This directory contains shell scripts for running larger scale benchmarks on Databricks AWS hosted Spark service using the Databricks CLI. You will need a Databricks AWS account to run them. The benchmarks use datasets synthetically generated using gen_data.py. For convenience, these have been precomputed and currently stored in the public S3 bucket spark-rapids-ml-bm-datasets-public
. The benchmark scripts are currently configured to read the data from there.
-
Install latest databricks-cli on your local workstation. Note that Databricks has deprecated the legacy python based cli in favor of a self contained executable.

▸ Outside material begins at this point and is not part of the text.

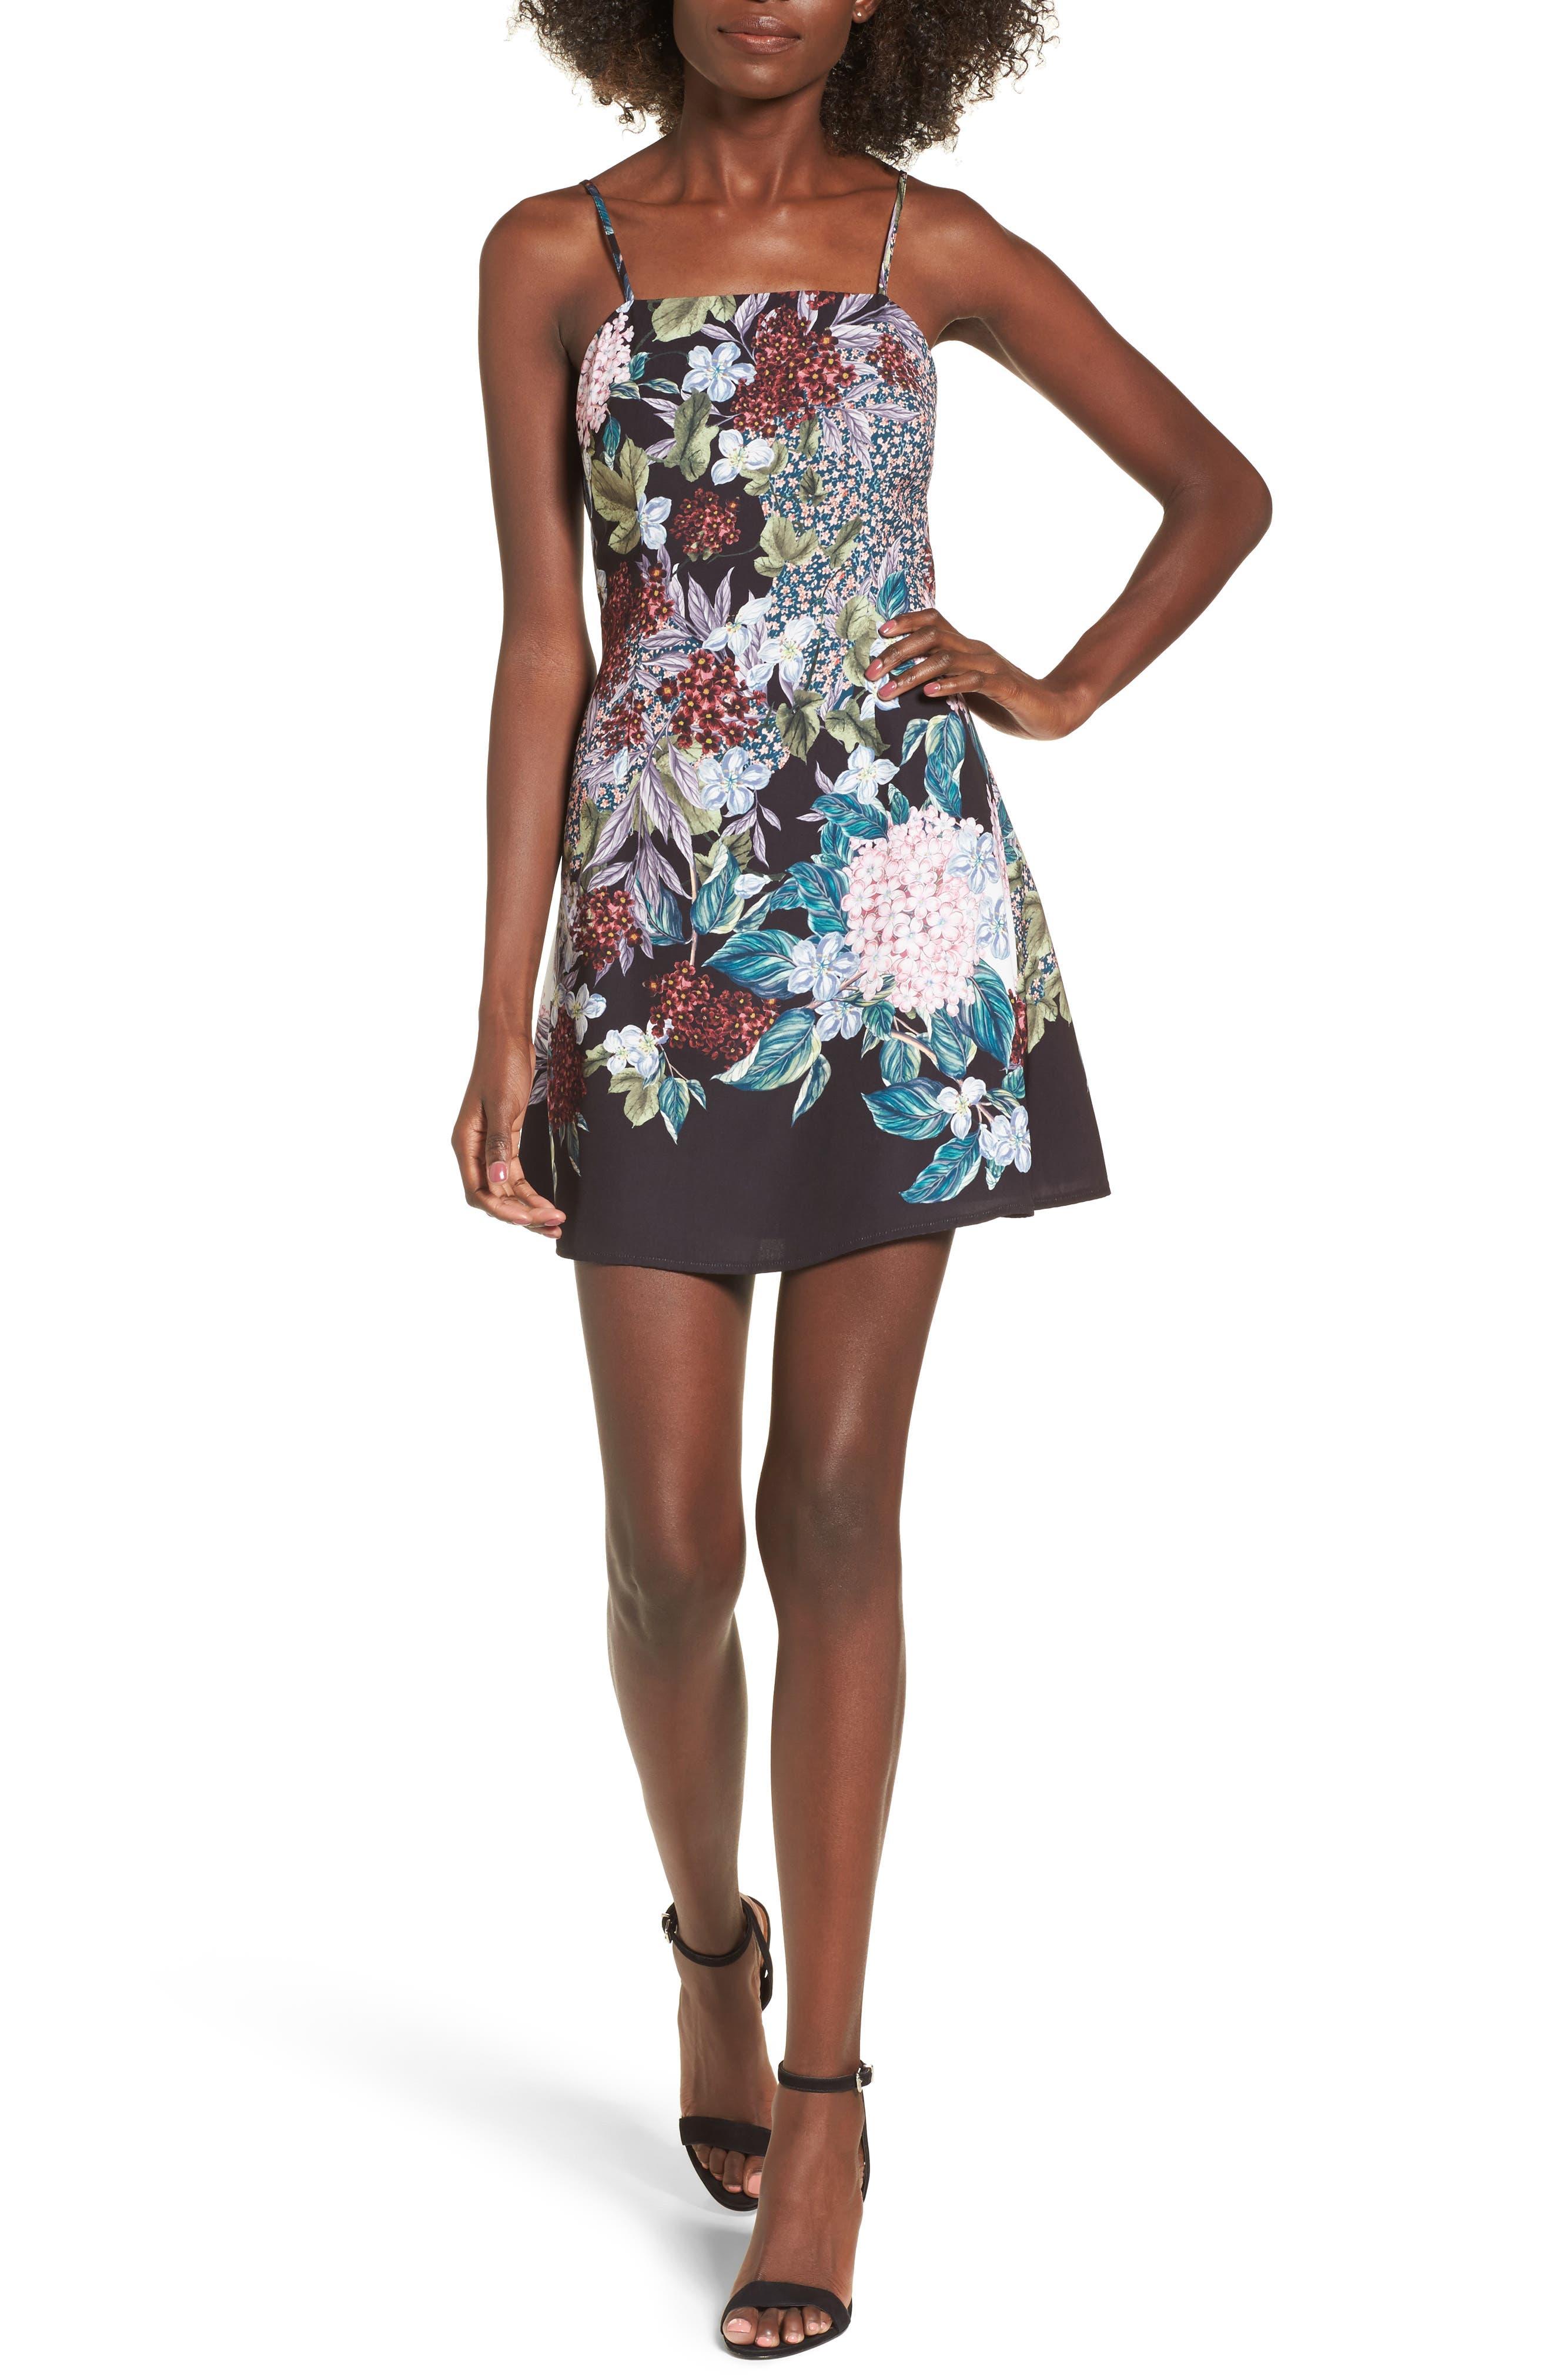 Lost Dreams A-Line Minidress,                         Main,                         color, Multi Floral
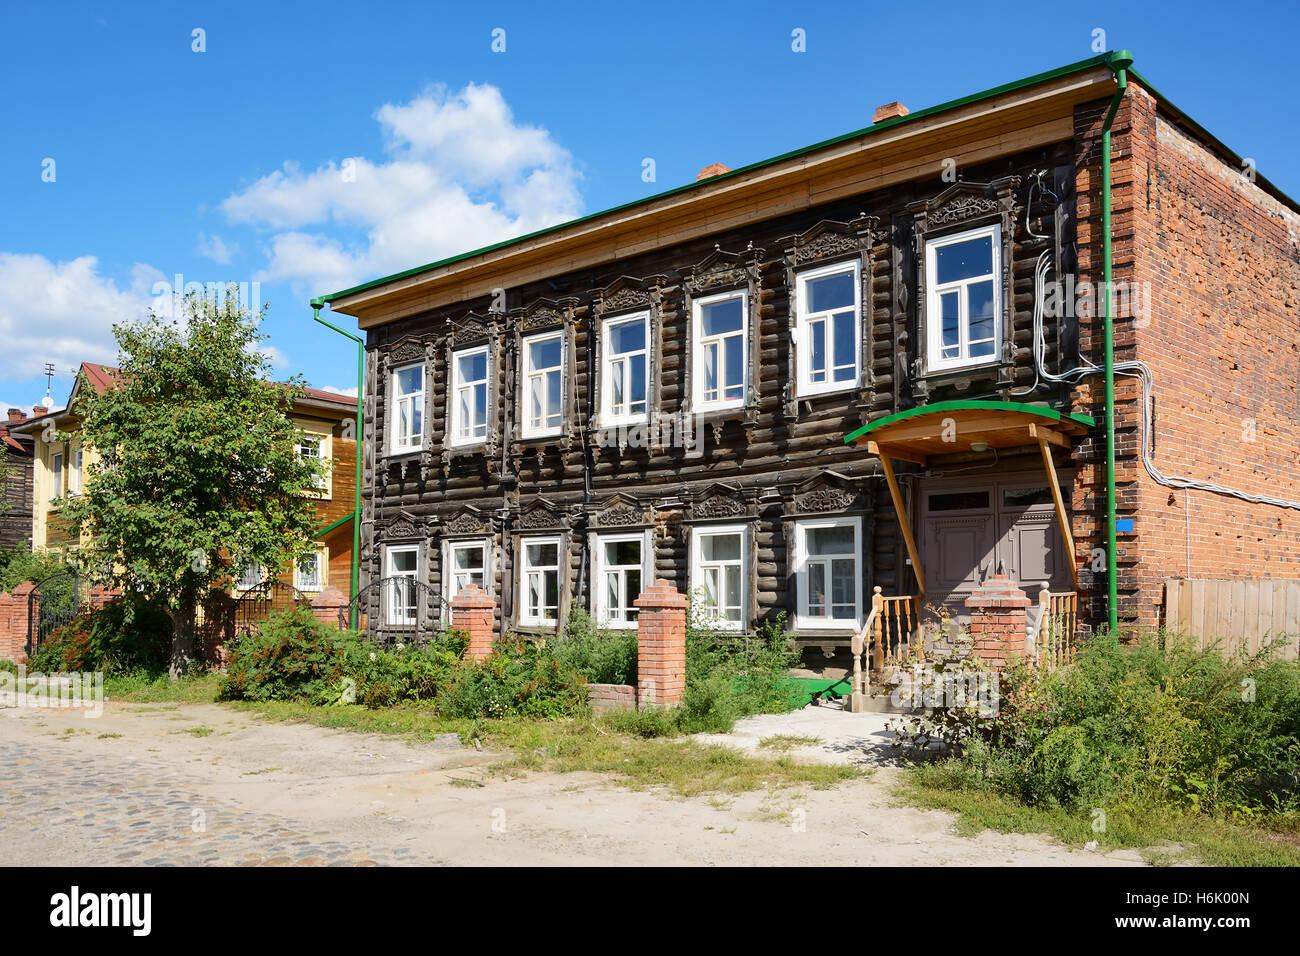 street wooden houses russia stockfotos street wooden houses russia bilder alamy. Black Bedroom Furniture Sets. Home Design Ideas

Make sure the new version is first on the executables PATH.
curl -fsSL https://raw.githubusercontent.com/databricks/setup-cli/main/install.sh | sh
-
Generate an access token for your Databricks workspace in the
User Settings
section of the workspace UI. -
Configure the access token for the Databricks CLI. If you have multiple workspaces, you should use a distinct
profile
name for this one, e.g.aws
, or else it will overwrite your currentDEFAULT
profile. This profile needs to be supplied on all invocations of thedatabricks
cli via the--profile
option. For safety, the instructions below assume you are using a newaws
profile.export DB_PROFILE=aws databricks configure --token --profile $DB_PROFILE # Host: <copy-and-paste databricks workspace url> # Token: <copy-and-paste access token from UI>
-
Next, in this directory, run the following to upload the files required to run the benchmarks:
# change below to desired dbfs location WITHOUT DBFS URI for uploading benchmarking related files export BENCHMARK_HOME=/path/to/benchmark/files/in/dbfs # need separate directory for cluster init script as databricks requires these to be stored in the workspace and not dbfs # ex: /Users/<databricks-user-name>/benchmark export WS_BENCHMARK_HOME=/path/to/benchmark/files/in/workspace ./setup.sh
This will create and copy the files into a DBFS directory at the path specified by
BENCHMARK_HOME
and a cluster init script to the workspace directory specified byWS_BENCHMARK_HOME
. The script will not overwrite existing files and instead simply print the error message returned from databricks. If overwrite is desired, first deleted the files and/or directories usingdatabricks fs rm [-r] <dbfs path>
for the dbfs files anddatabricks workspace delete [--recursive] <workspace path>
for the workspace files. Note: ExportBENCHMARK_HOME
,WS_BENCHMARK_HOME
andDB_PROFILE
in any new/different shell in which subsequent steps may be run.
-
The running time of each individual benchmark run can be limited by the
TIME_LIMIT
environment variable. The cpu kmeans benchmark takes over 9000 seconds (ie., > 2 hours) to complete. If not set, the default is3600
seconds.export TIME_LIMIT=3600
-
The benchmarks can be run as
./run_benchmark.sh [cpu|gpu|gpu_etl] [[12.2|13.3|14.3]] >> benchmark_log
The script creates a cpu or gpu cluster, respectively using the cluster specs in cpu_cluster_spec, gpu_cluster_spec, gpu_etl_cluster_spec, depending on the supplied argument. In gpu and gpu_etl mode each algorithm benchmark is run 3 times, and similarly in cpu mode, except for kmeans and random forest classifier and regressor which are each run 1 time due to their long running times. gpu_etl mode also uses the spark-rapids gpu accelerated plugin.
An optional databricks runtime version can be supplied as a second argument, with 13.3 being the default if not specified. Runtimes higher than 13.3 are only compatible with cpu and gpu modes (i.e. not gpu_etl) as they are not yet supported by the spark-rapids plugin.
-
The file
benchmark_log
will have the fit/train/transform running times and accuracy scores. A simple convenience script has been provided to extract timing information for each run:./process_bm_log.sh benchmark_log
-
Cancelling a run: Hit
Ctrl-C
and then cancel the run with the last printedrunid
(check usingtail benchmark_log
) by executing:
databricks jobs cancel-run <runid> --profile $DB_PROFILE
-
The created clusters are configured to terminate after 30 min, but can be manually terminated or deleted via the Databricks UI.
-
Monitor progress periodically in case of a possible hang, to avoid incurring cloud costs in such cases.